Administrative relief reinstated until June 30, 2026

Updated: September 08, 2025

Canadian businesses and others making payments to non-resident service providers have a long-standing obligation to withhold 15% of the payment for services rendered in Canada. This withholding tax (known as the Regulation 105 withholding tax) is a pre-payment of the non-resident entity’s Canadian income tax obligation. 

Provided that the income tax return is filed within the statutory time frame, the amount withheld is either applied to Canadian taxes that are owed when the non-resident files a Canadian income tax return for taxable Canadian activities, or it is refunded if the non-resident can claim an exemption from Canadian tax due to an income tax treaty.

Quebec imposes an additional 9% withholding tax on similar payments if the services are rendered in the province of Quebec.

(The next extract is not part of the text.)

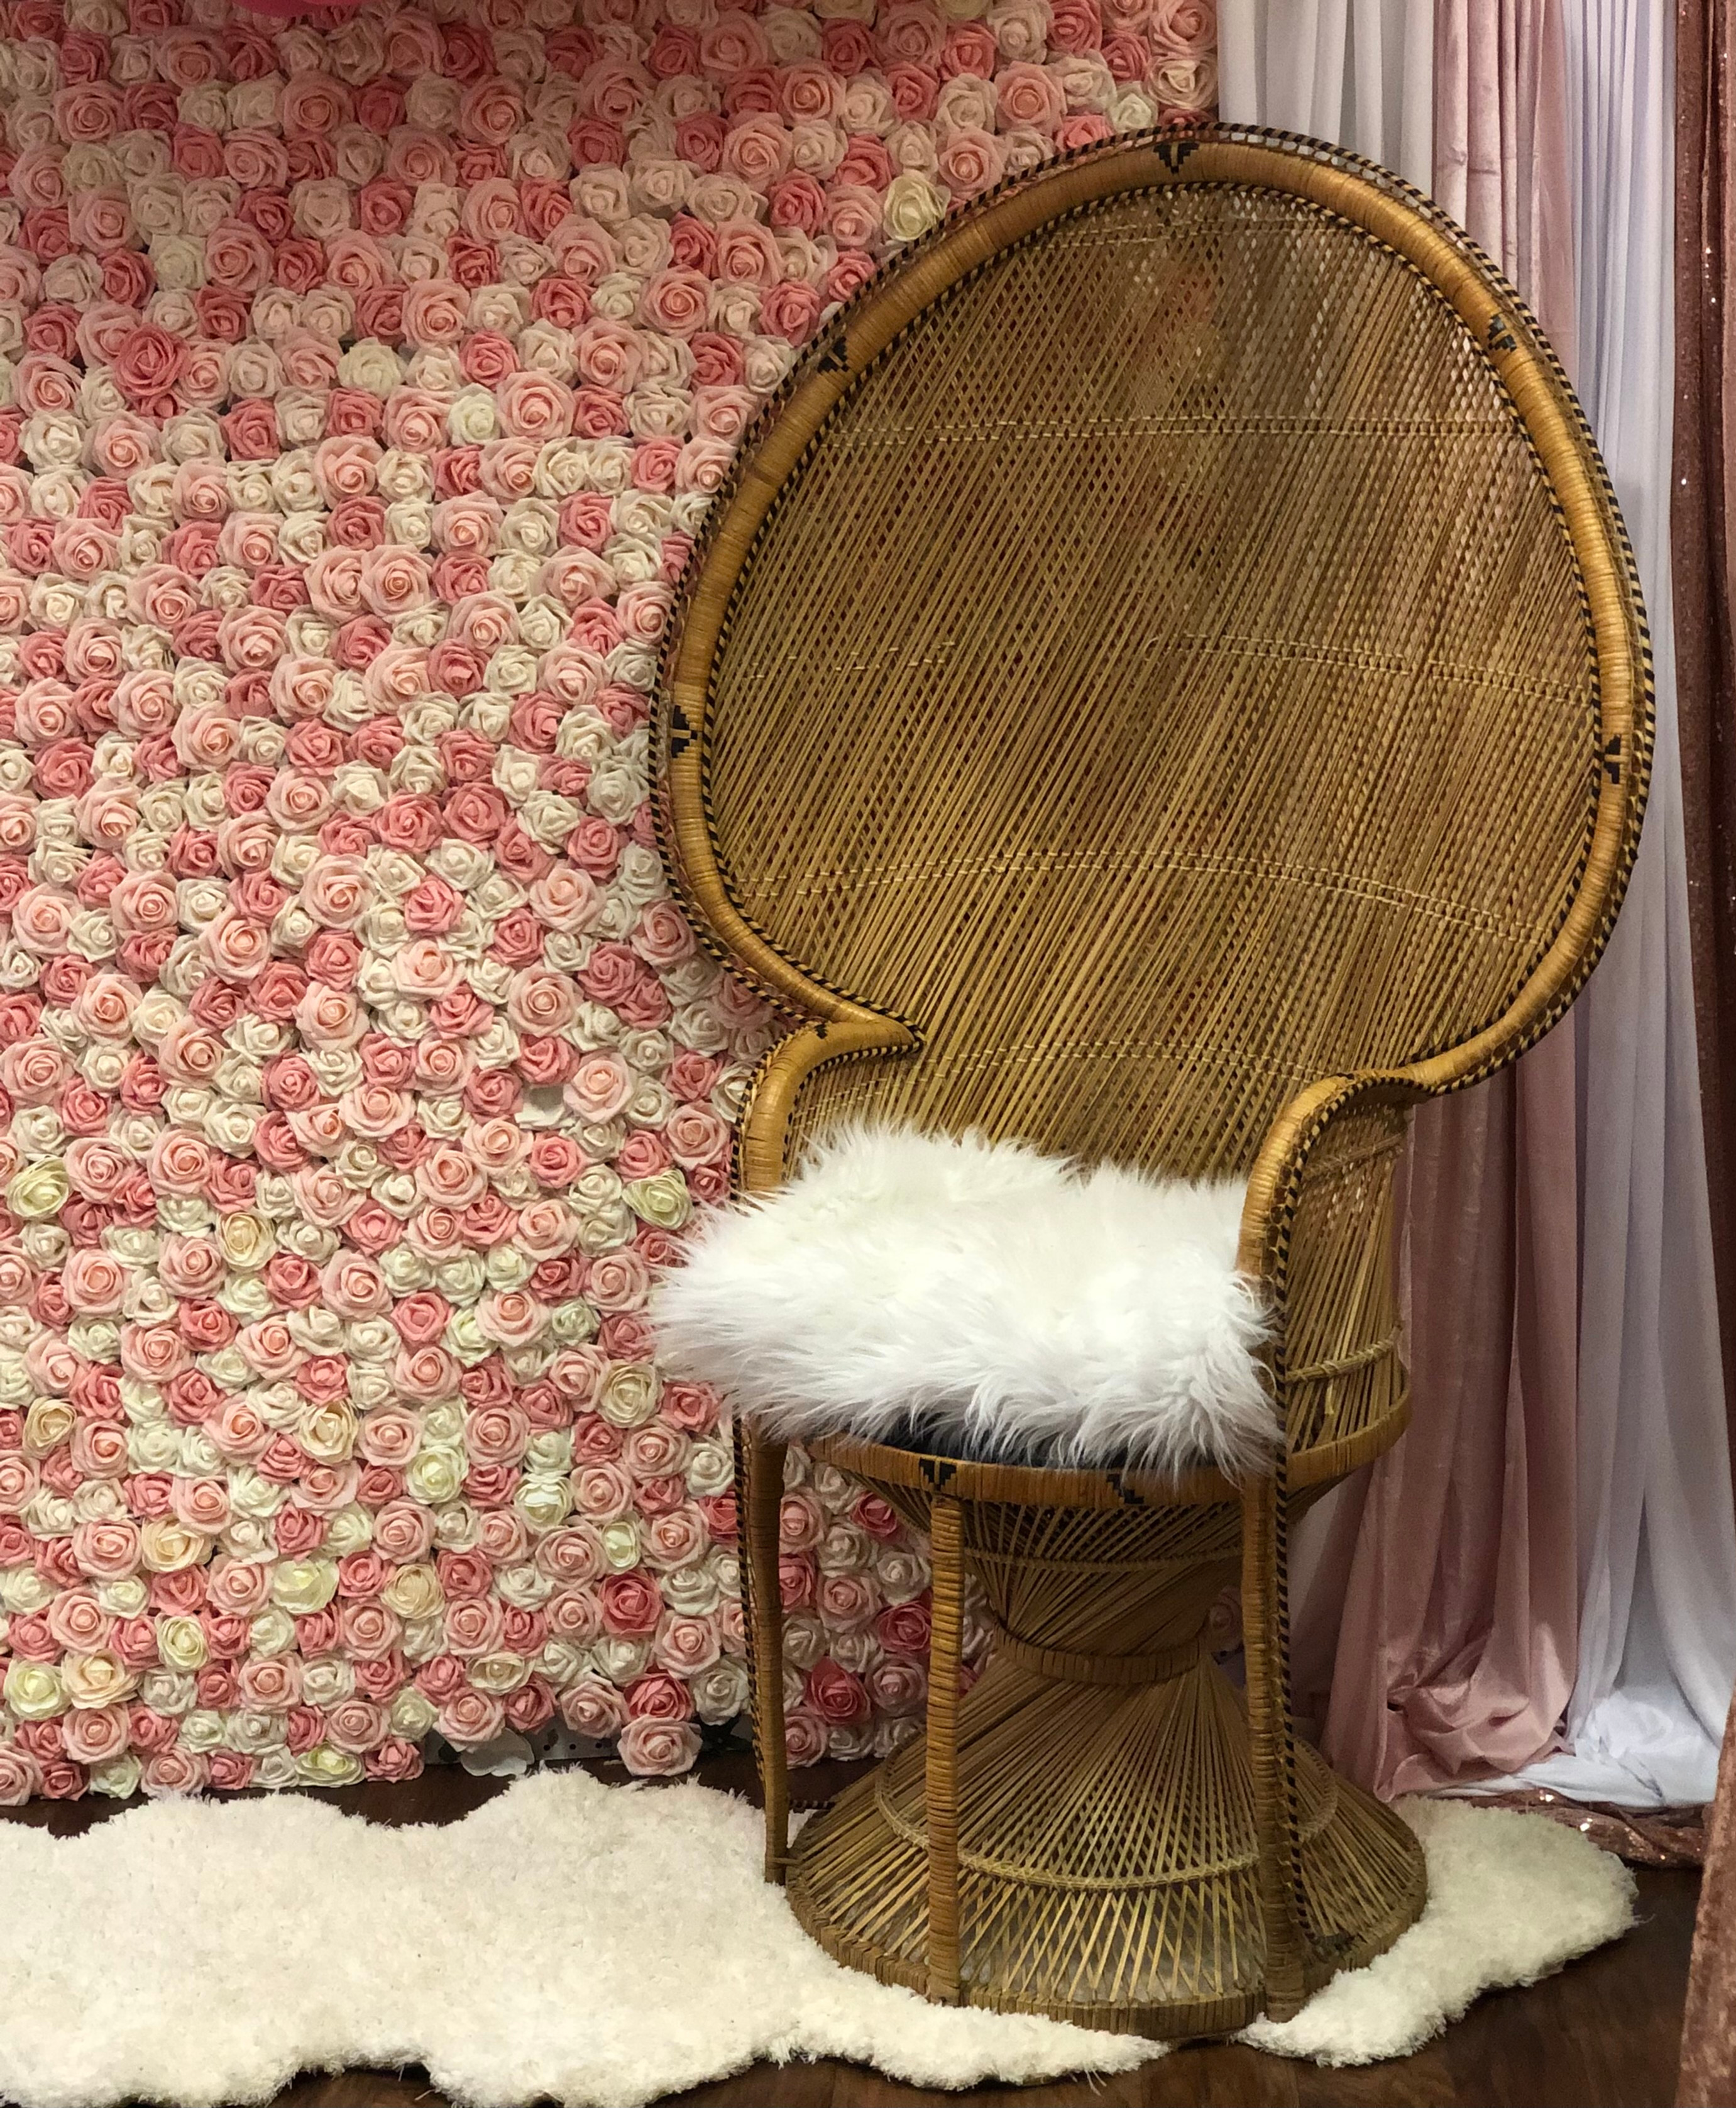 Peacock Boho Style Chair - Tall

The Canada Revenue Agency’s administrative position

Historically, the Canada Revenue Agency (CRA) has allowed the payment subject to withholding tax to exclude the portion that is a reimbursement of expenses, provided the expenses and the Canadian service fees are itemized separately on the invoicing documents.

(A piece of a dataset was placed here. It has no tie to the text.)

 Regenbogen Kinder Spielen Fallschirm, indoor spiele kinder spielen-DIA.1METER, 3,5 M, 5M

In 2024, the CRA modified its position with respect to withholding tax requirements for expenses that are subcontractor fees for services rendered in Canada. At that time, the CRA announced that its new position would apply to reimbursements of subcontractor fees paid after September 30, 2024. However, in August 2025, the CRA communicated to stakeholders that it will reinstate its previous administrative position to provide Regulation 105 withholding tax relief on subcontractor fee reimbursements, retroactive from September 2024 to June 30, 2026. This provides time for the CRA to complete stakeholder consultations on this issue.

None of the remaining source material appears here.